• [DATA]:
□ □ □ □ □

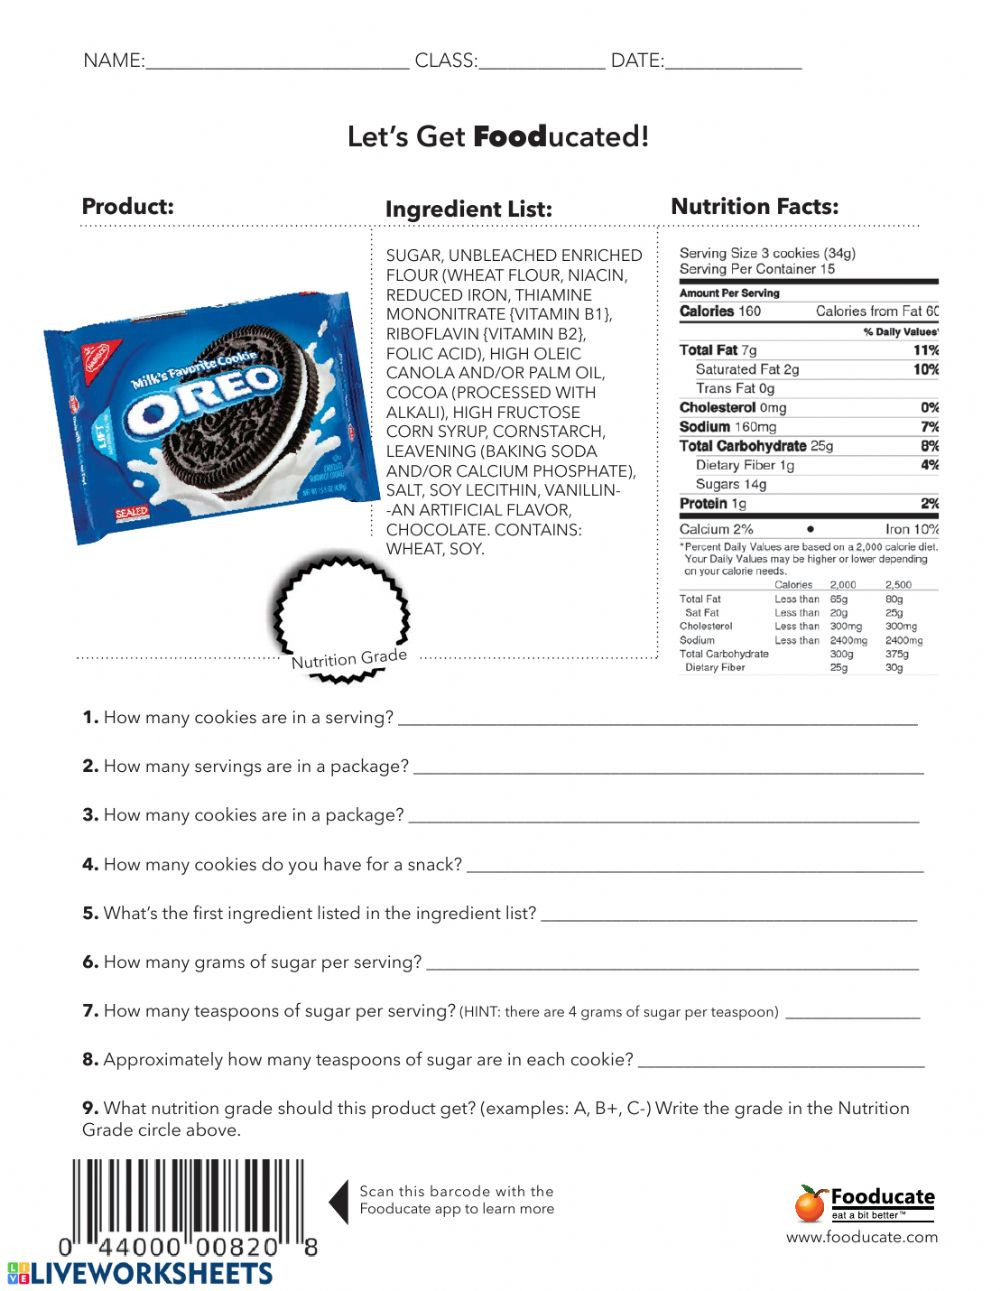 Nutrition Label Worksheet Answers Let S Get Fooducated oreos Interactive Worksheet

□ □ □ □ □

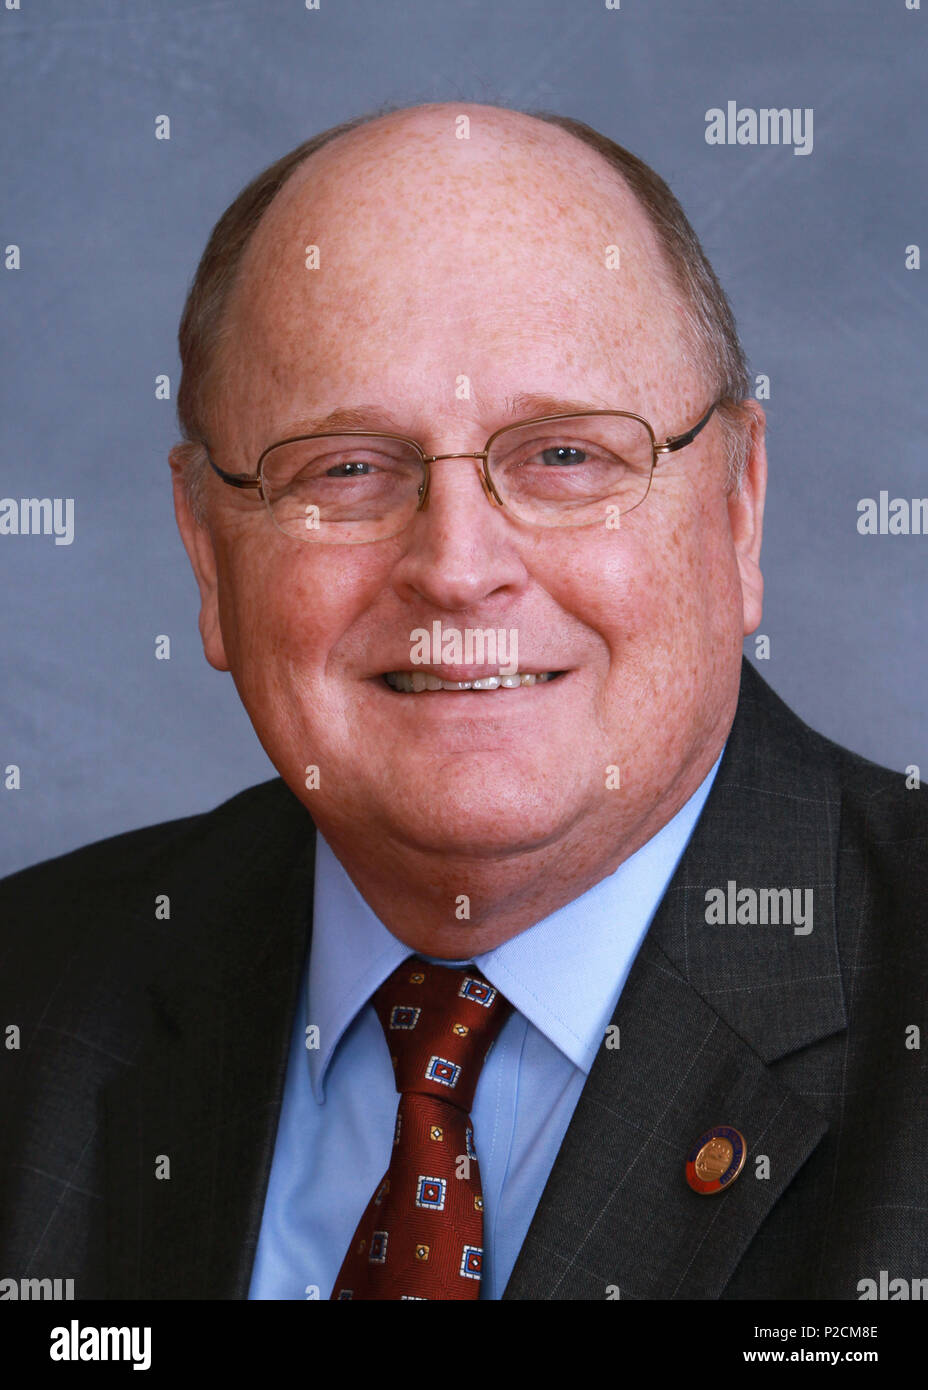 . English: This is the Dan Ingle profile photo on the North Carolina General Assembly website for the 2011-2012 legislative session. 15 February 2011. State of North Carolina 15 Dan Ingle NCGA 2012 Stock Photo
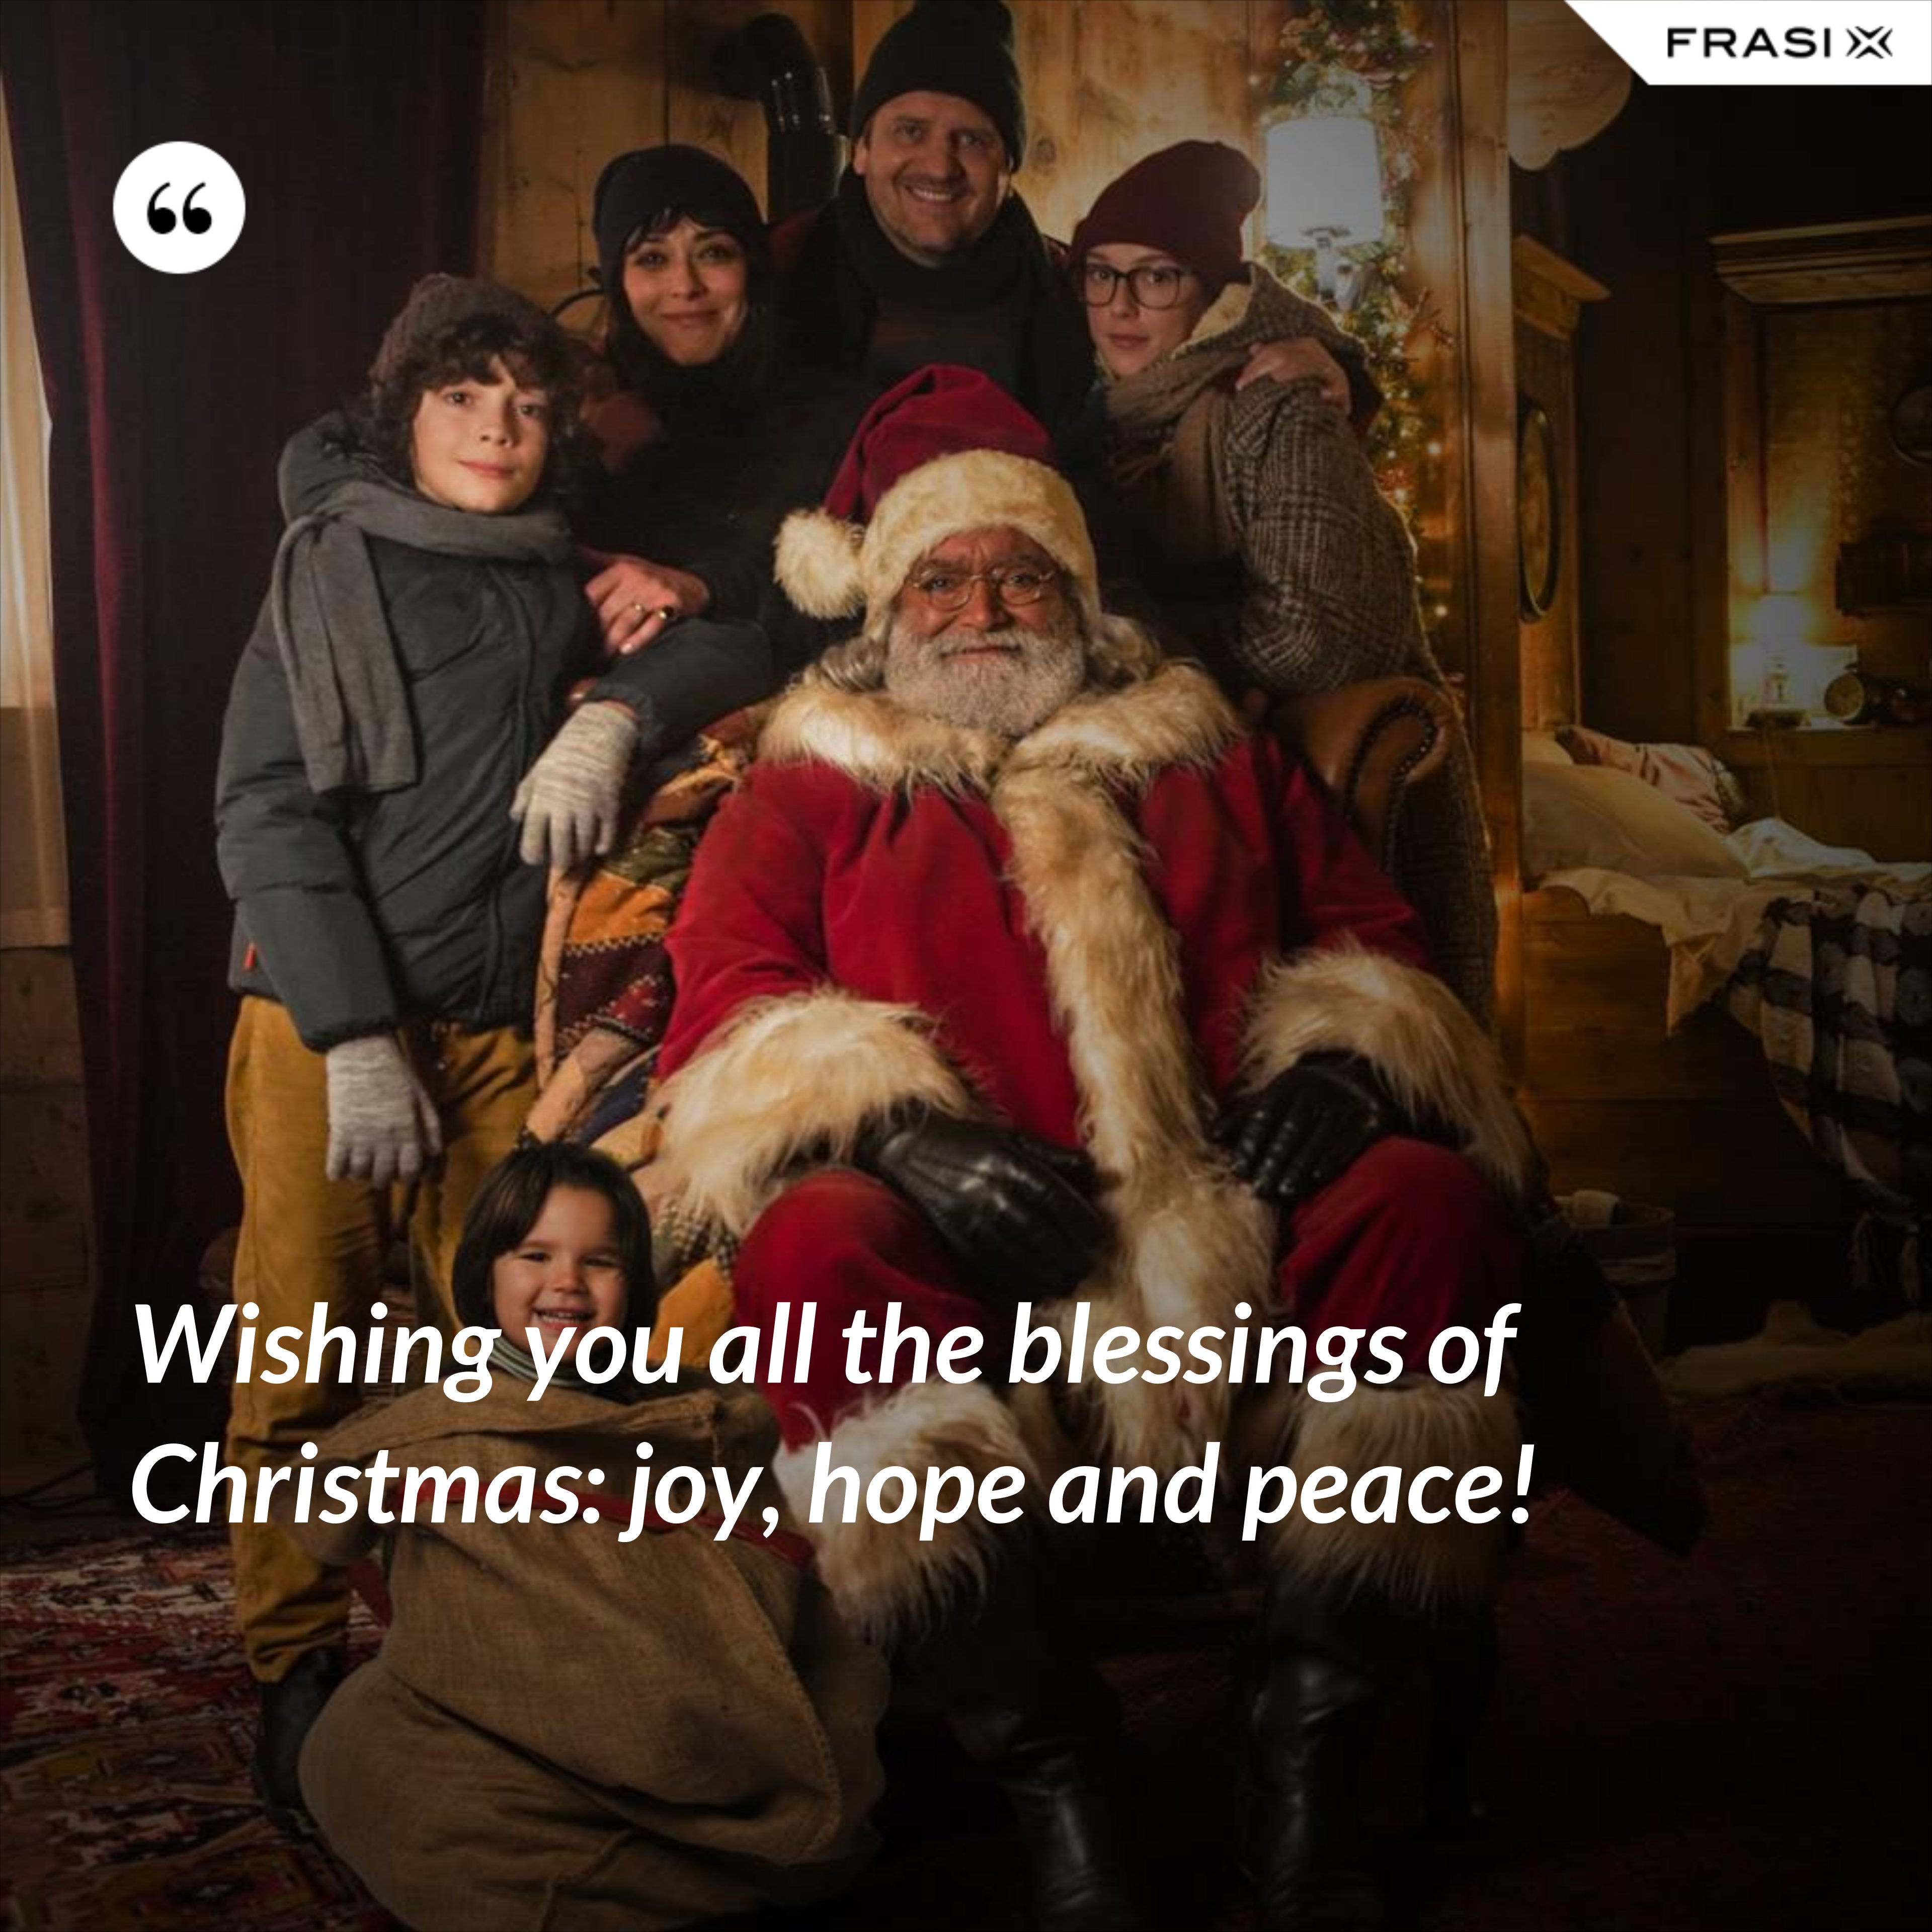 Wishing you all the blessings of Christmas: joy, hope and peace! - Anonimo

□ □ □ □ □

• [TASK PROMPT]:
Because only one stretch of the records is wanted, please output the lines from the one holding "2012 Stock Photo" through the one holding "Wishing you all" exactly, both included, and leave every picture out.

• [EXERCISE SOLUTION]:
 . English: This is the Dan Ingle profile photo on the North Carolina General Assembly website for the 2011-2012 legislative session. 15 February 2011. State of North Carolina 15 Dan Ingle NCGA 2012 Stock Photo
 Wishing you all the blessings of Christmas: joy, hope and peace! - Anonimo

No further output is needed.